Observation data Epoch J2000 Equinox J2000
- Constellation: Auriga
- Right ascension: 04^{h} 55^{m} 10.9816^{s}
- Declination: +30° 21′ 59.374″
- Apparent magnitude (V): 12.24

Characteristics
- Evolutionary stage: T Tauri star
- Spectral type: K3Ve or K6

Astrometry
- Radial velocity (R_{v}): 14.9±0.3 km/s
- Proper motion (μ): RA: +3.748 mas/yr Dec.: −24.298 mas/yr
- Parallax (π): 6.3248±0.0490 mas
- Distance: 516 ± 4 ly (158 ± 1 pc)

Details
- Mass: 0.95±0.05 M_{☉}
- Radius: 2.02±0.06 R_{☉}
- Luminosity: 1.25±0.08 L_{☉}
- Surface gravity (log g): 3.80±0.03 cgs
- Temperature: 4287±35 K
- Rotation: ~6 days
- Rotational velocity (v sin i): 13.5±0.2 km/s
- Age: ~1.5 Myr
- Other designations: GM Aur, AAVSO 0448+30, TIC 96533063, GCRV 55585, IRAS 04519+3017, 2MASS J04551098+3021595, WISE J045510.97+302159.2, WISEA J045510.97+302159.1, 2E 1172, AKARI-IRC-V1 J0455110+302159, AP J04551098+3021595, CSI+30-04520 2, GEN# +6.20078077, HBC 77, HBHA 2713-04, MHA 259-1, PSCz P04519+3017, SVS 1089, UCAC4 602-015297

Database references
- SIMBAD: data

= GM Aurigae =

T Tauri star in the Auriga constellation

GM Aurigae (GM Aur) is a K6V-type T Tauri star located 155 parsecs from Earth in the constellation of Auriga. It has a mass of 0.95 solar masses, a radius of 2 solar radii, a luminosity of 1.2 solar luminosity and a temperature of 4287 Kelvin. It has an age of around 3-10 million years and is a member of the Taurus-Auriga star forming region. The star is host to a circumstellar disk with a possible planet still forming within it.

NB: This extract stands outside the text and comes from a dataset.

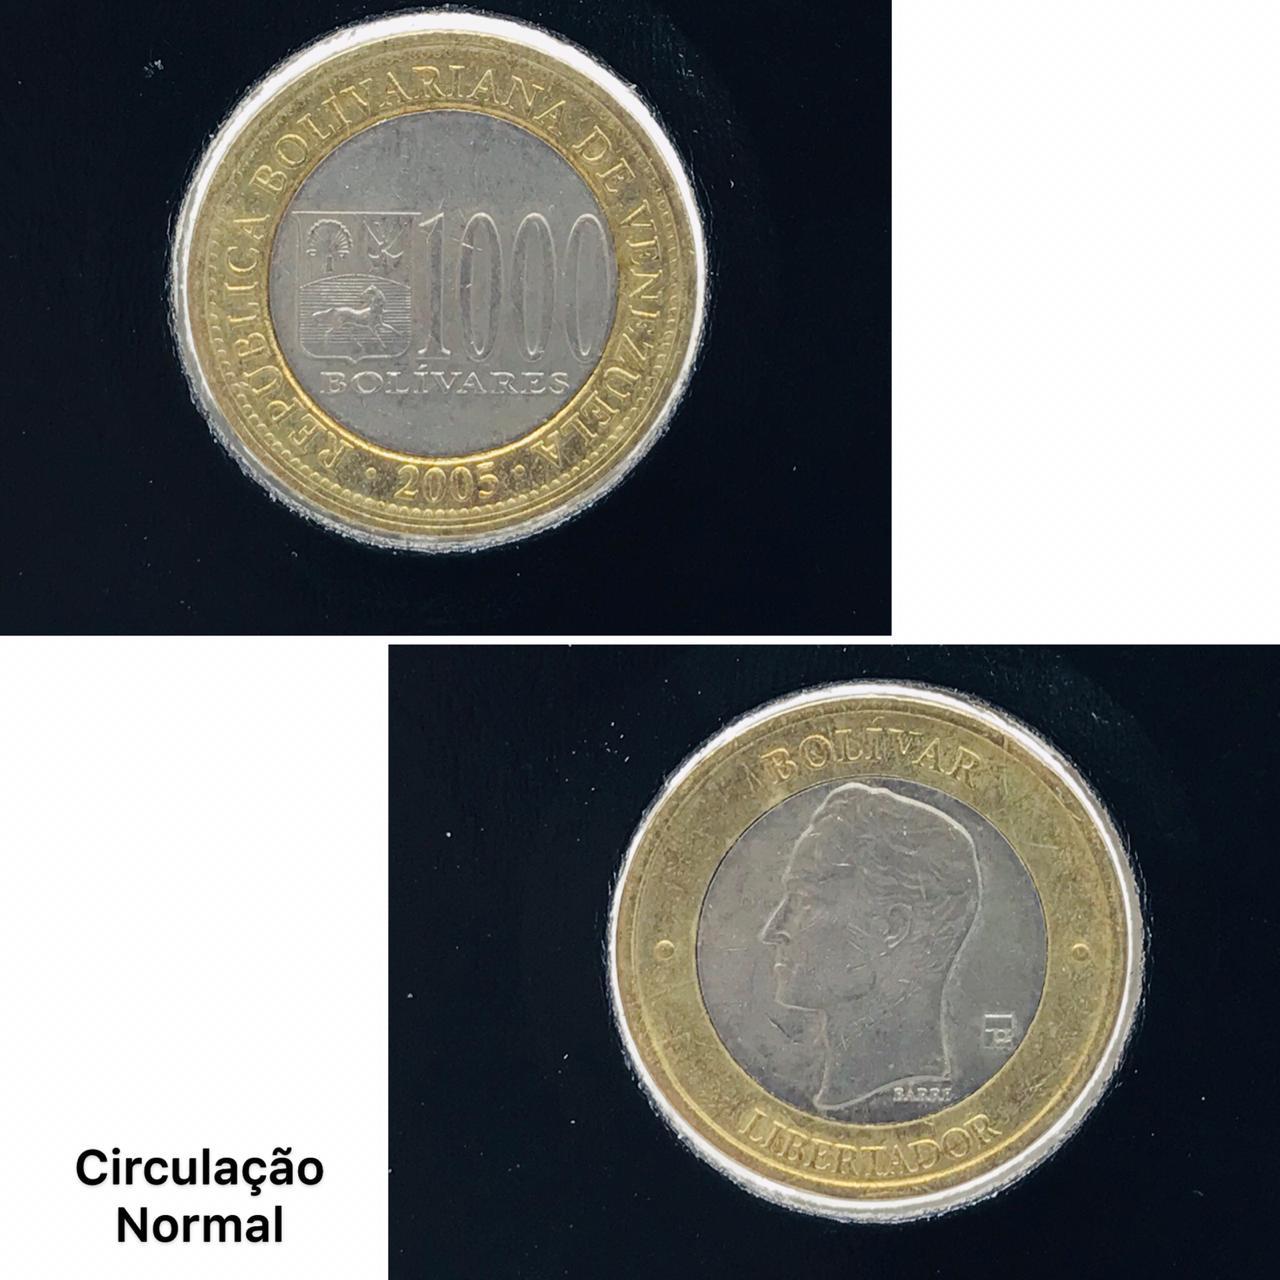 Venezuela Bimetálica 100 bolivares

It has a stellar rotation period between 5.18 and 6.1 days, with a rotational period of approximately 6.04 days being most likely.

== Circumstellar disk ==
GM Aur is host to an extensively studied circumstellar disk. Within this disk it has a large dust cavity located at 35 AU. There is a fainter disk extending up to 250 AU. There is no consensus on whether this cavity was carved out by a forming exoplanet accreting material, photoevaporation, magnetohydrodynamic disk winds or a combination of all of the above. If there were a planet forming in the system, it would likely have a minimum mass of about 1.10 Jupiter masses. Spatially resolved submillimetre observations of GM Aur confirm the existence of a transitional disc that is inclined at 52.77° with respect to the line of sight. This disk also has an inner dust cavity with a radius of 30-40 AU.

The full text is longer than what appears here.